Nous prévoyons des prix élevés du porc dans un avenir prévisible, d’autres facteurs contribuant à cet optimisme :

  • Prix ​​actuel du poulet américain 159,81 $, il y a un an 92,36 $.
    Le prix élevé du poulet rend le porc plus compétitif.
  • Prix ​​de découpe de carcasse de boeuf américain 2,67 $, découpe de porc 1,03 $.
    Malheureusement, le prix du porc est inférieur au prix du bœuf, mais le prix élevé du bœuf rend le porc plus attrayant pour le consommateur. Nous savons tous que les consommateurs paient plus pour le bœuf parce qu’il a meilleur goût. Avoir du porc au meilleur goût pourrait être positif pour la demande et le prix du porc.
  • Plus de boeuf transformé.
    Depuis le début de l’année, les États-Unis ont transformé 27 % de bovins de boucherie de plus que la moyenne quinquennale.
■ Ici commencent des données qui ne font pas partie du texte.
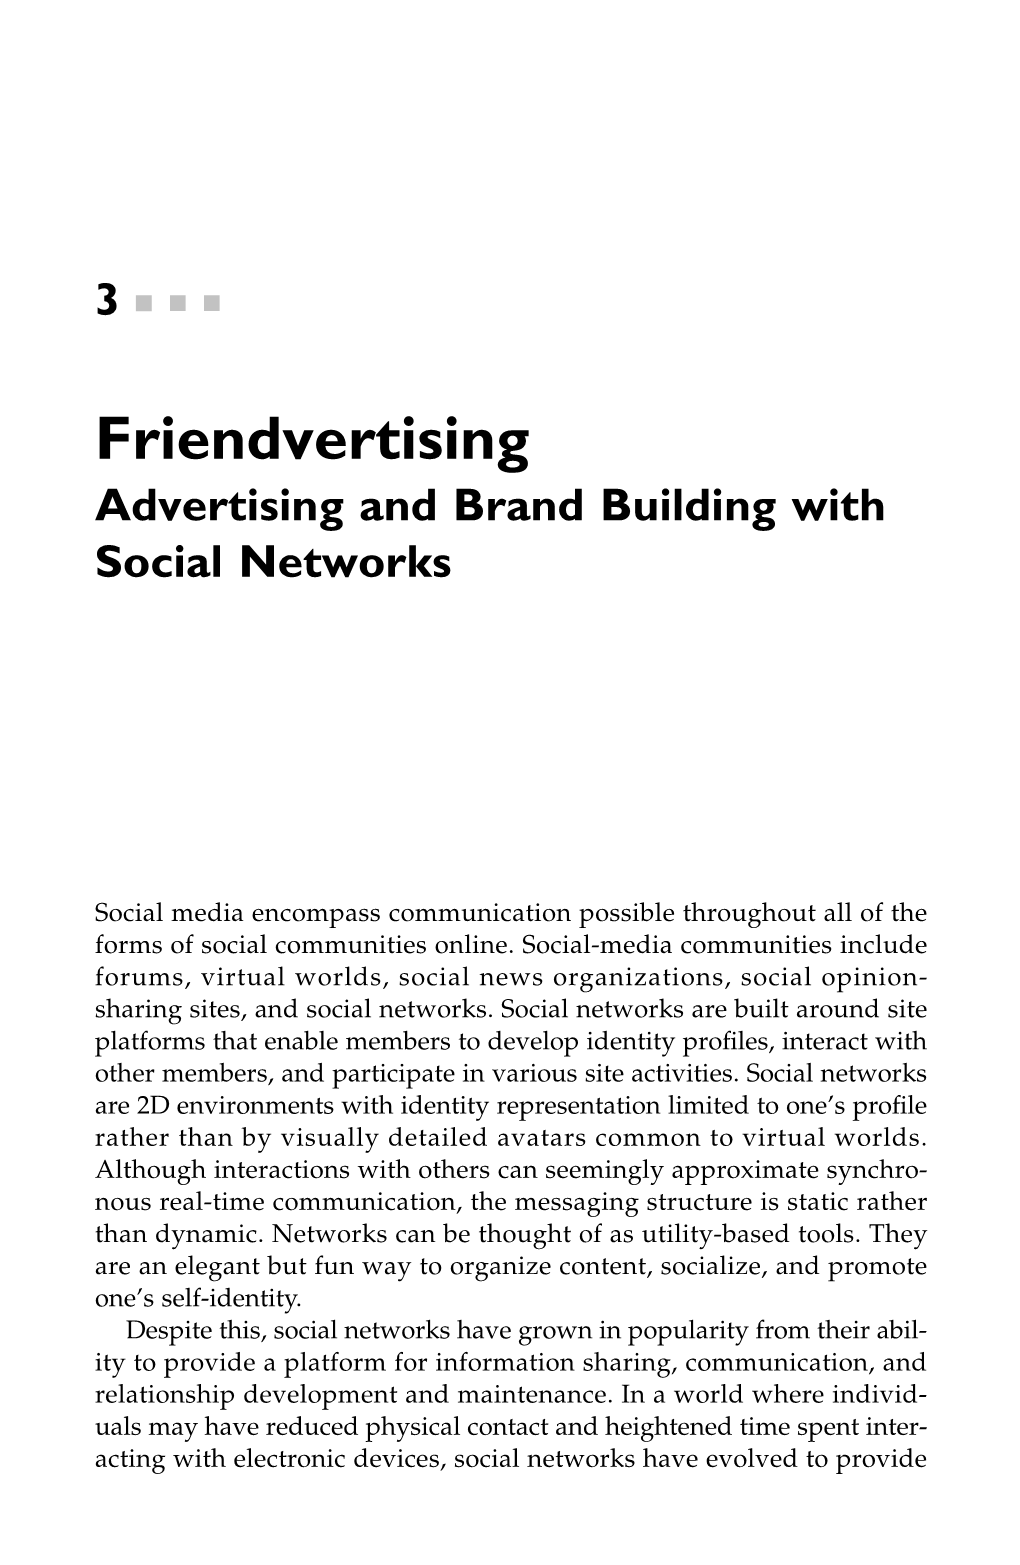 Friendvertising Advertising and Brand Building with Social Networks.Pdf

La sécheresse et les coûts élevés des aliments réduisent le cheptel bovin. Pas si, mais quand l’offre de bœuf aux États-Unis diminue – favorable au porc.
  • La grippe aviaire a frappé la Turquie, avec à la fois le poulet à griller et la production d’œufs affectés. Une offre moindre de produits avicoles pourrait pousser les prix déjà élevés de la volaille encore plus haut.
  • Les prix du porc européen ont considérablement bondi au cours des dernières semaines. Le prix du porc allemand était de 1,20 euros/kg le 9 février ; la semaine dernière 1,95 euros/kg. L’augmentation de 0,75 euros/kg est de 38 ¢ lb. carcasse ou plus de 80 $ par porc de marché. L’augmentation des prix doit être attribuée à moins de porcs disponibles en raison de la liquidation massive des troupeaux de truies que l’Allemagne et l’Europe ont subie en raison des pertes financières de près de 50 $ par tête pendant de nombreux mois. Des prix du porc plus élevés en Europe signifient non seulement qu’il y a moins de porc européen à exporter, mais que le prix sera plus élevé pour les marchés mondiaux, ce qui soutiendra le porc américain.

Prop 12

La semaine dernière, la Cour suprême des États-Unis a accepté de revoir la loi Prop 12 en Californie. Une loi qui interdit le porc frais, autre que celui des truies dans des enclos de gestation d’une superficie minimale de 24 pi2. pieds, à vendre en Californie. Nous félicitons le NPPC de poursuivre la lutte pour arrêter cette législation. Leur diligence à cet égard est dans le meilleur intérêt des producteurs de porcs. Il serait intéressant que la Cour suprême reconnaisse qu’un État peut dicter les pratiques commerciales de 49 autres États. Où cela se termine-t-il ?

Beaucoup d’entre vous au fil des ans ont lu des articles sur les voyages que j’ai faits avec mon fils Spencer. En haut se trouve une interview que Spencer a eue avec Jim Eadie de Swineweb.